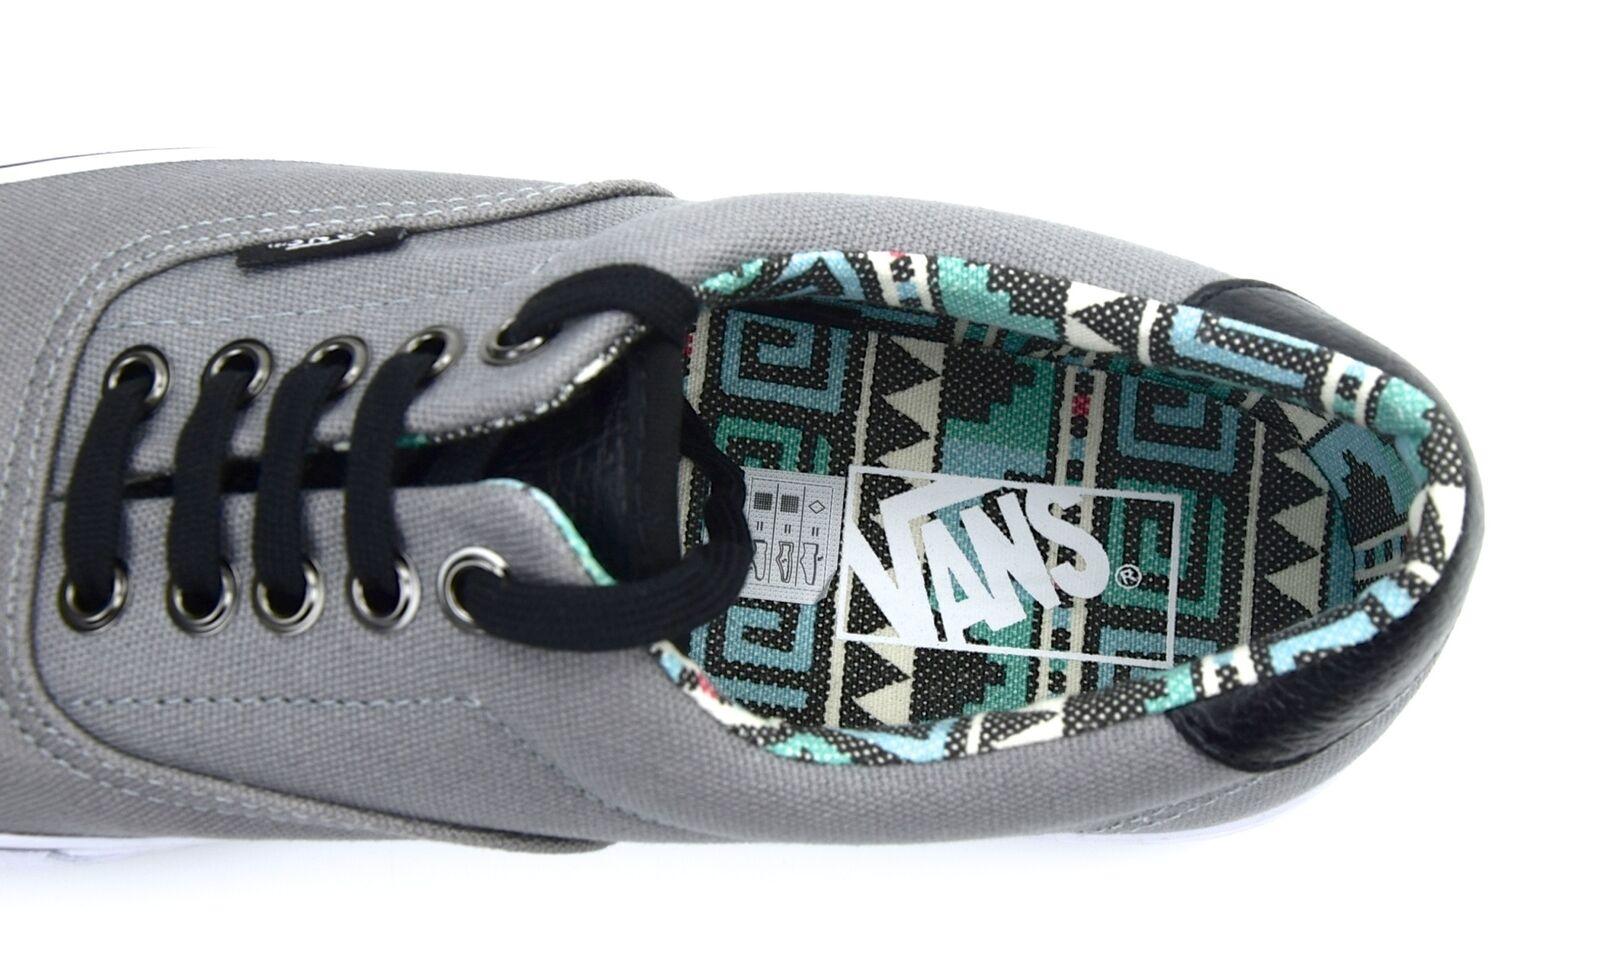 Vans mann sneaker schuhe schuhe schuhe locker - freizeit - code - ära 59 zmsf7t - zmsf7x e4dfb6
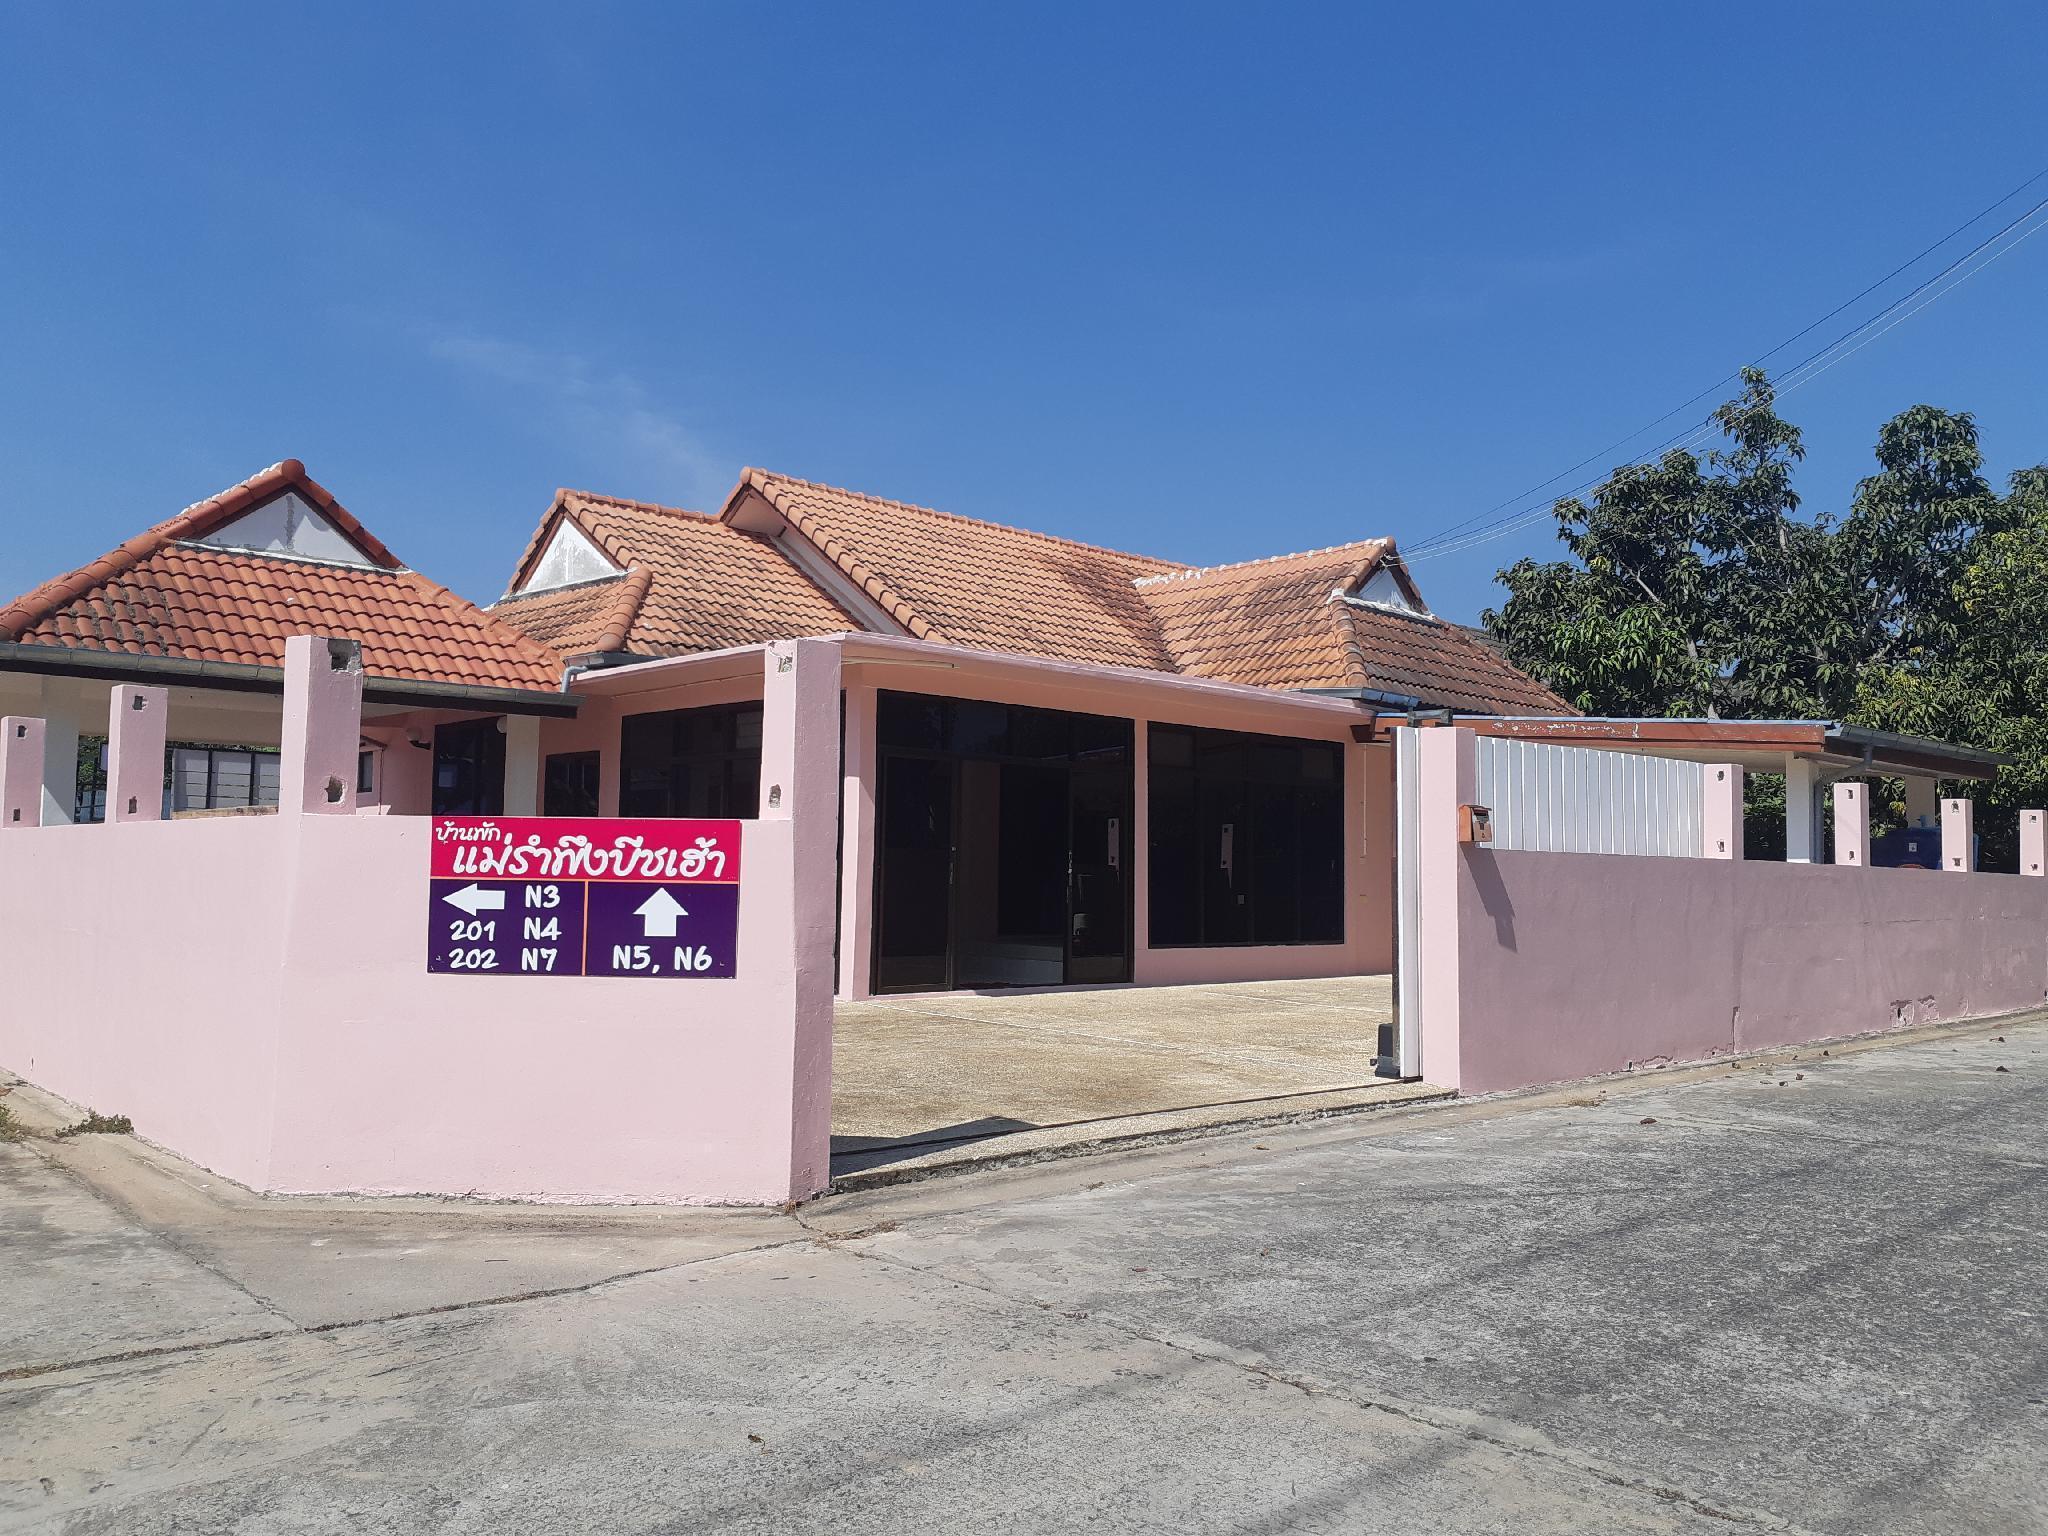 Mae Rampung beach house N8 บ้านเดี่ยว 4 ห้องนอน 3 ห้องน้ำส่วนตัว ขนาด 250 ตร.ม. – หาดระยอง
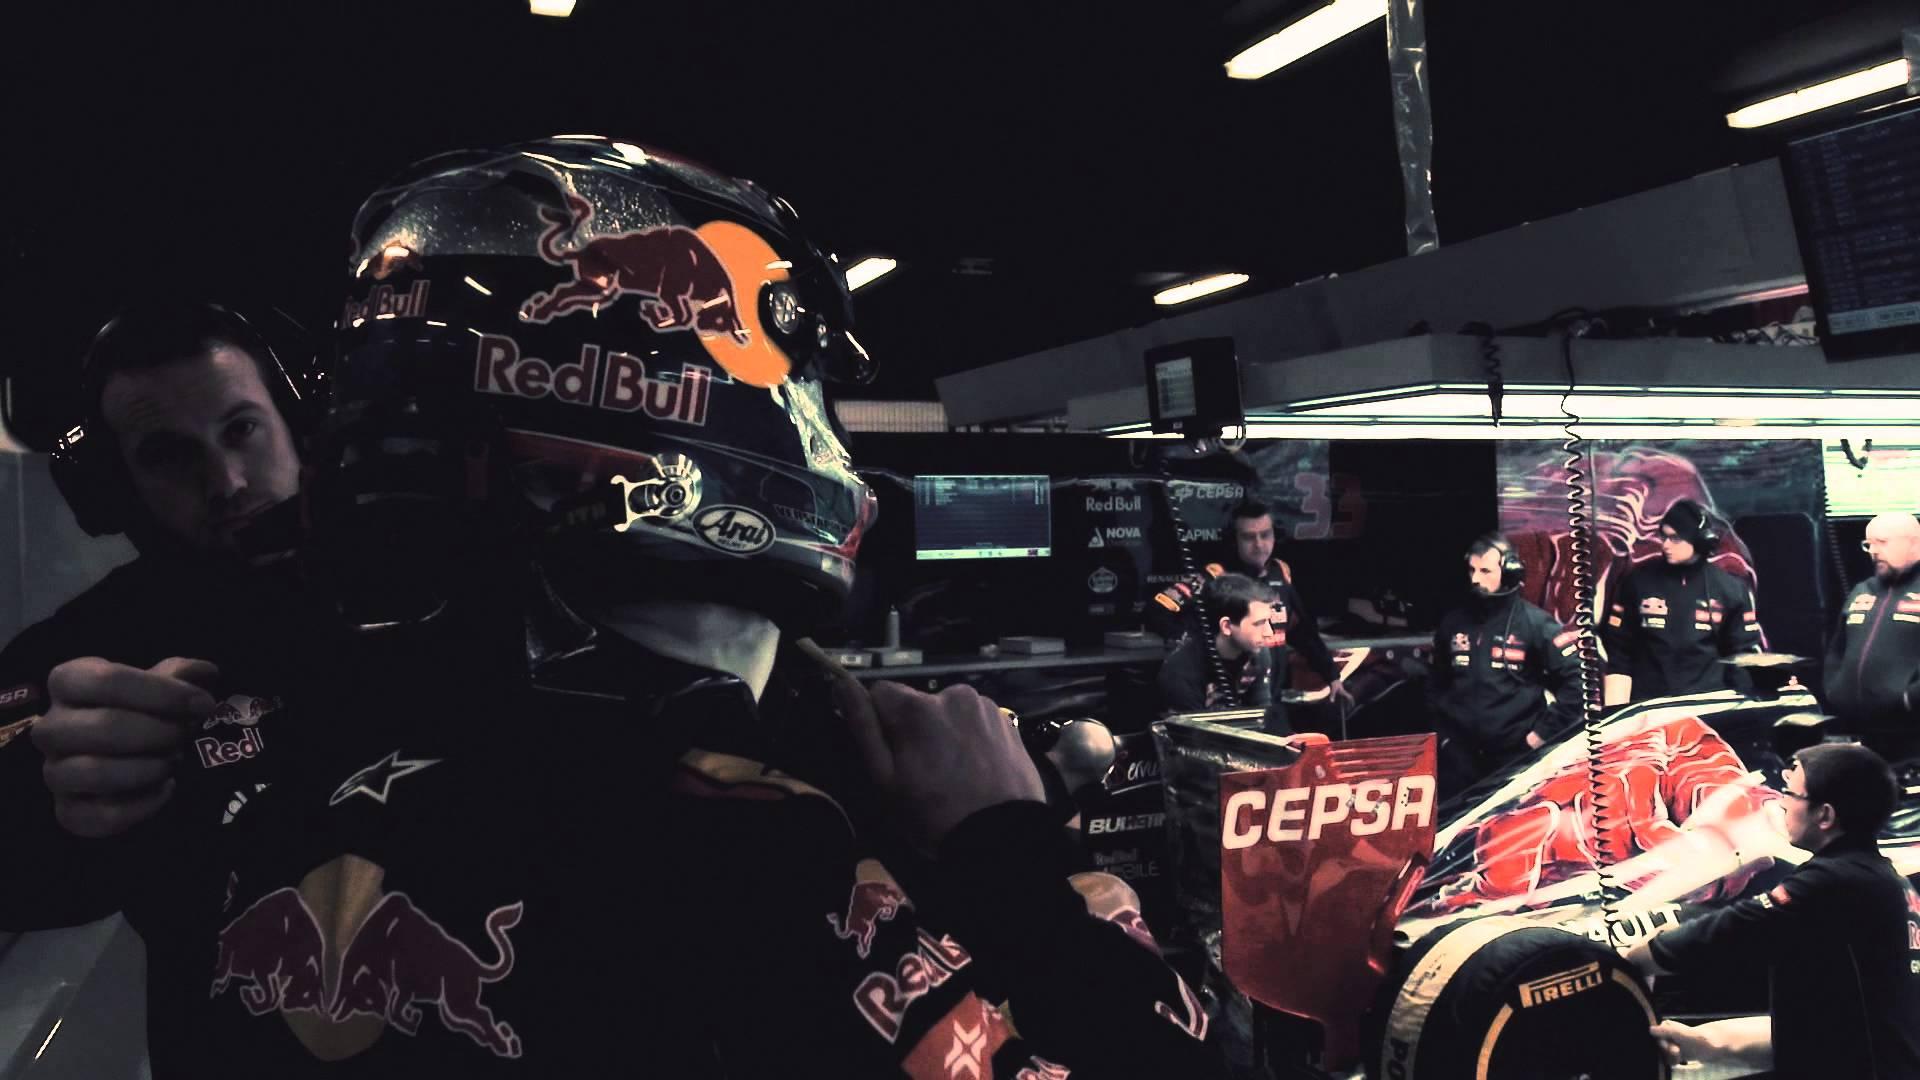 Sport1 commercial met Max Verstappen, versie 2

* [What is needed] The whole listing must come back verbatim, with no pictures included.

* [Solution to this problem]
 Vans mann sneaker schuhe schuhe schuhe locker - freizeit - code - ära 59 zmsf7t - zmsf7x e4dfb6
 Mae Rampung beach house N8 บ้านเดี่ยว 4 ห้องนอน 3 ห้องน้ำส่วนตัว ขนาด 250 ตร.ม. – หาดระยอง
 Sport1 commercial met Max Verstappen, versie 2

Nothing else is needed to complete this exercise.